In a chilling display of premeditation, Meher travelled 250 km to Raipur, Chhattisgarh, to courier the bomb from a basement service with no CCTV. He used the alias "S K Sharma" and a fake address. The parcel arrived in Patnagarh on February 20 and was delivered three days later - just as Meher attended both Soumya’s wedding and, later, his funeral.
The case initially stumped investigators as there were no eyewitnesses and evidence was purely circumstantial. But a taunting anonymous letter, sent to the Bolangir Superintendent of Police, became the breakthrough.

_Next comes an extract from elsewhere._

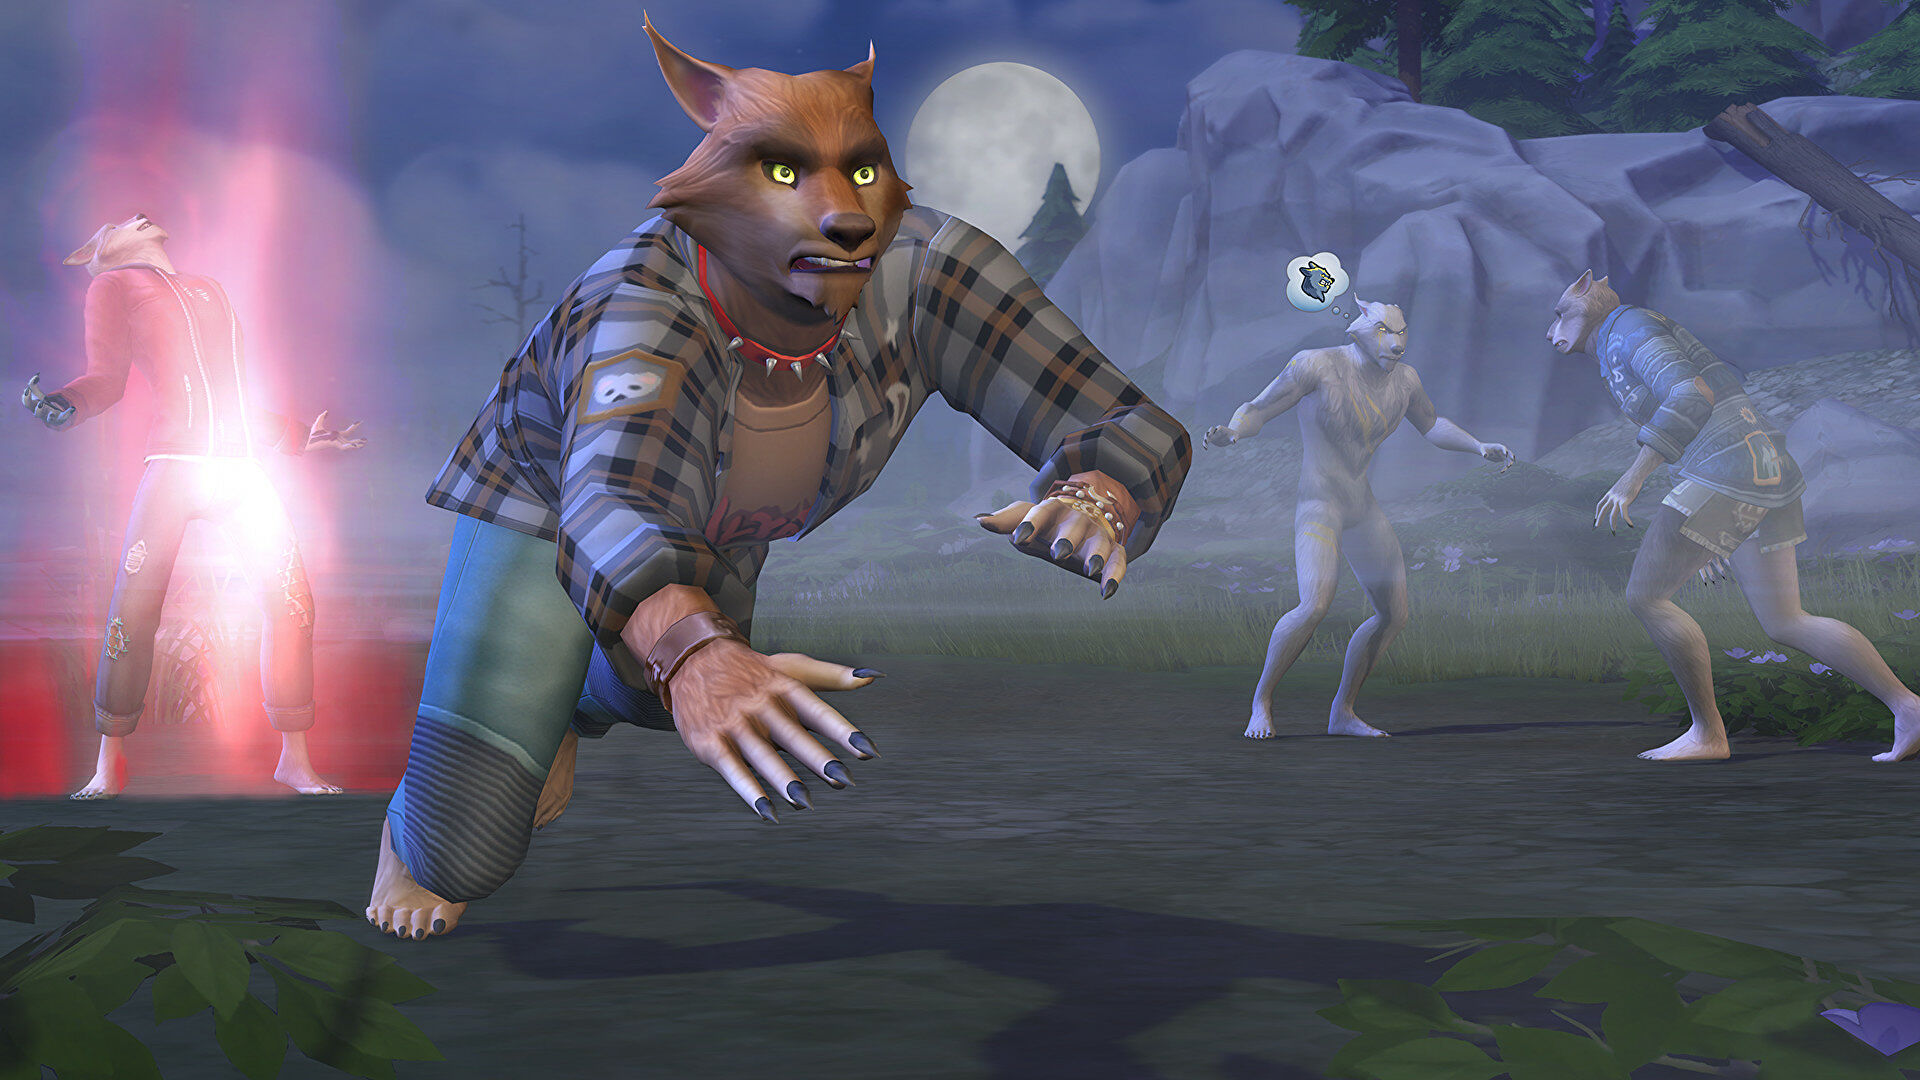 Ko te Sims 4 Werewolf

Claiming three people were behind the blast due to Soumya’s "betrayal," the letter instead exposed Meher’s command of English, a detail that narrowed the search to him.
"The language, the font size and the spacing in the letter indicated that it was sent by someone with command over English," IPS officer Arun Bothra, who led the Crime Branch probe, was quoted by TimesNow. "When we searched his house, evidence was scientifically matched. That was the turning point."
In a statement following the verdict, Sanjukta said she was satisfied with the outcome, though the pain of losing her son could never be undone. “We were hoping for capital punishment in the crime considering its rarest of the rare nature,” added Soumya’s father, Rabindra Sahu, while expressing gratitude to the judiciary.
The 2018 chargesheet included statements from 72 witnesses, along with digital evidence like laptops, hard drives and CCTV footage from the Raipur courier office. Train station receipts from Kantabanji further cemented Meher’s movements.